* _Directions for this task_
Wherever a picture sits, omit it. Output the rest of the listing exactly.

++++ Recorded information

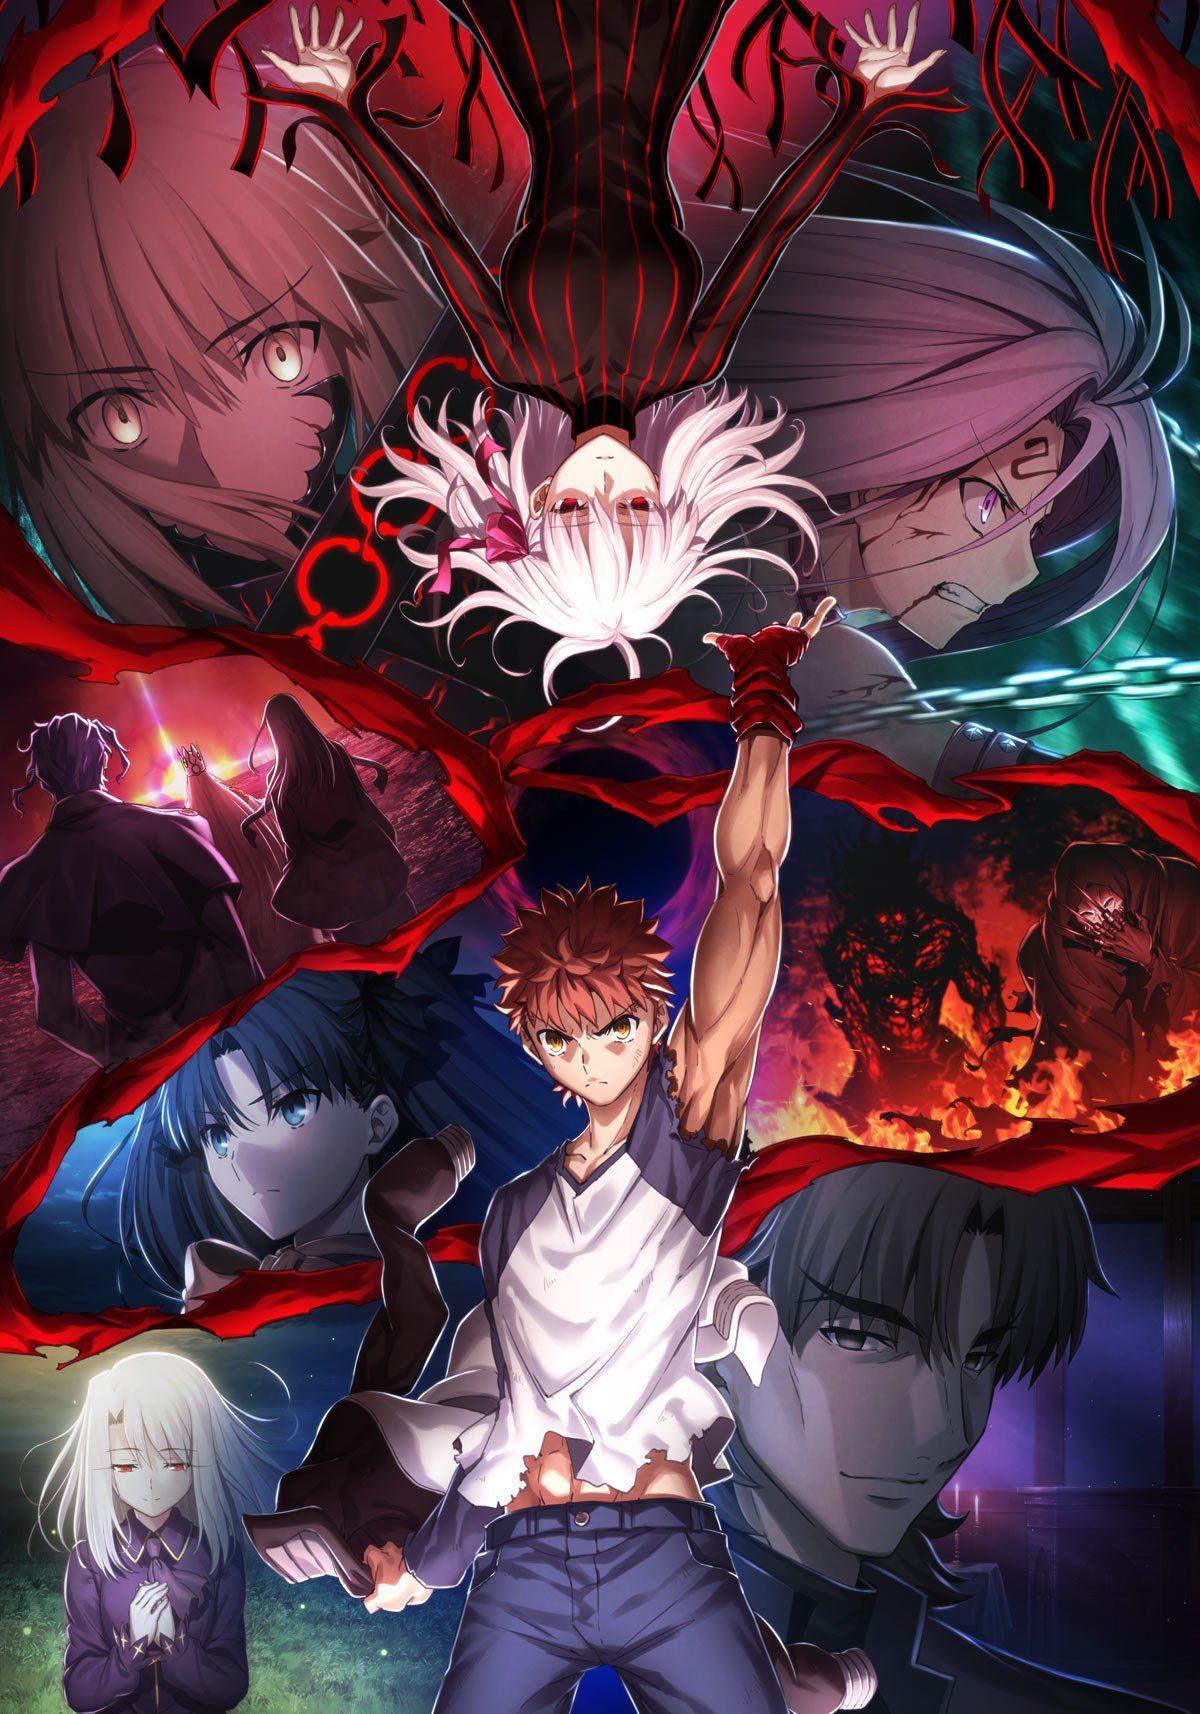 Un nouveau visuel pour le film d'animation Fate/stay night
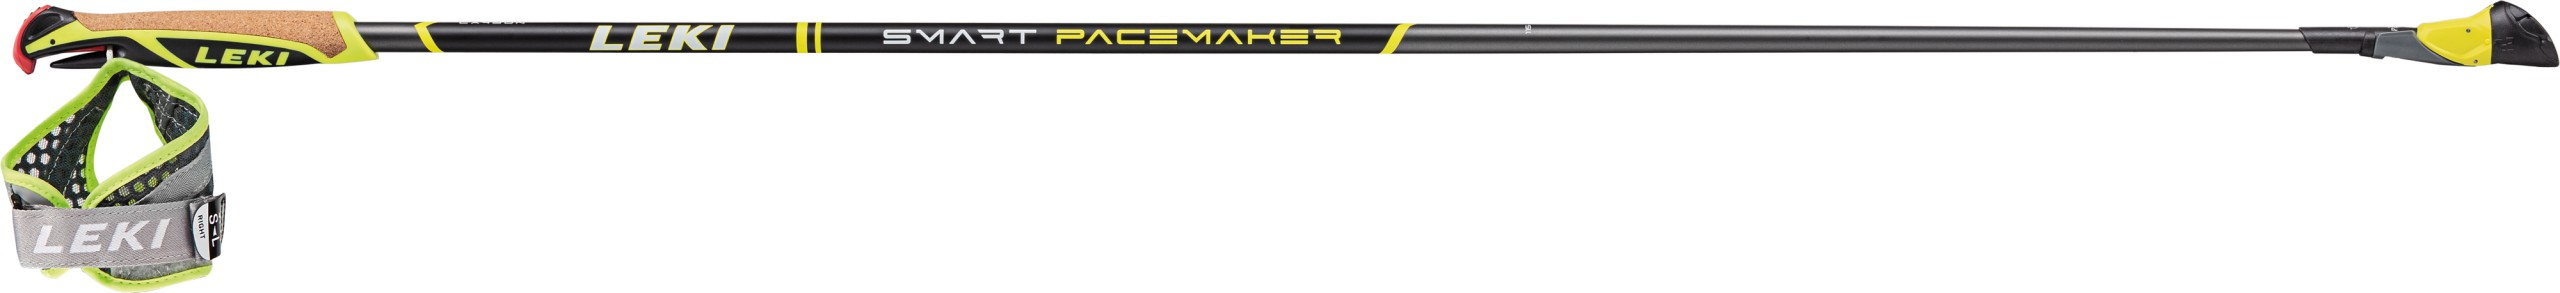 Smart Pacemaker Lite
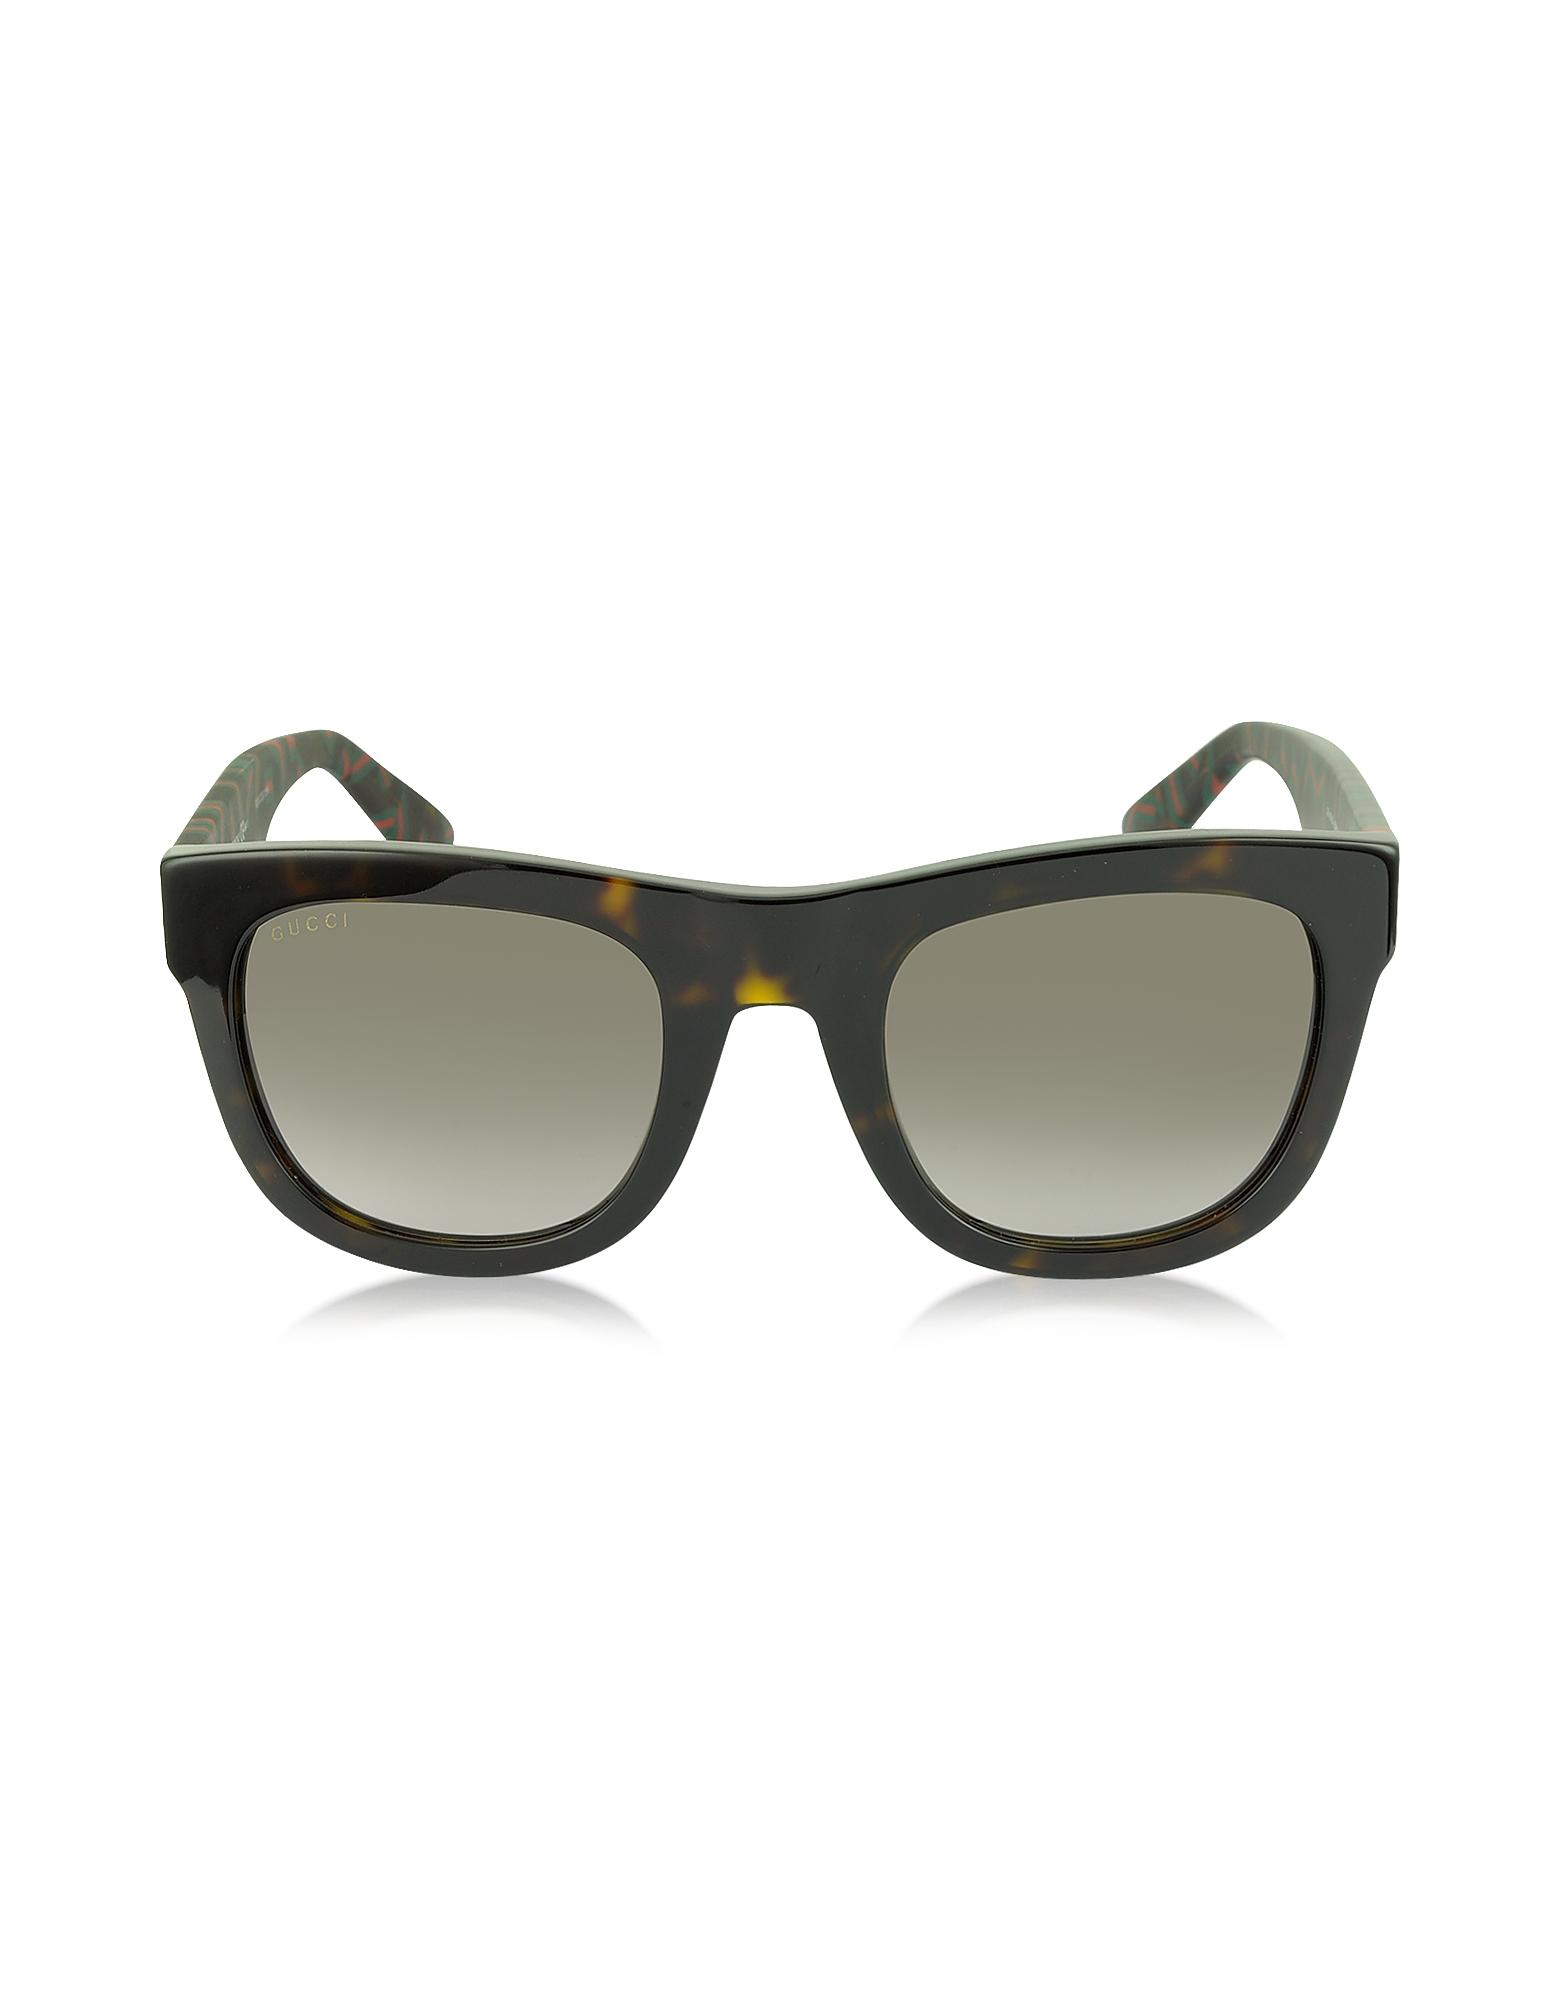 Gucci GG 1100/S H30HA - Солнечные Очки в Прямоугольной Темной Прямоугольной Оправе Гавана с Красной и Зеленой Паутиной

++++++++

* _Solution for this problem_
 Un nouveau visuel pour le film d'animation Fate/stay night
 Smart Pacemaker Lite
 Gucci GG 1100/S H30HA - Солнечные Очки в Прямоугольной Темной Прямоугольной Оправе Гавана с Красной и Зеленой Паутиной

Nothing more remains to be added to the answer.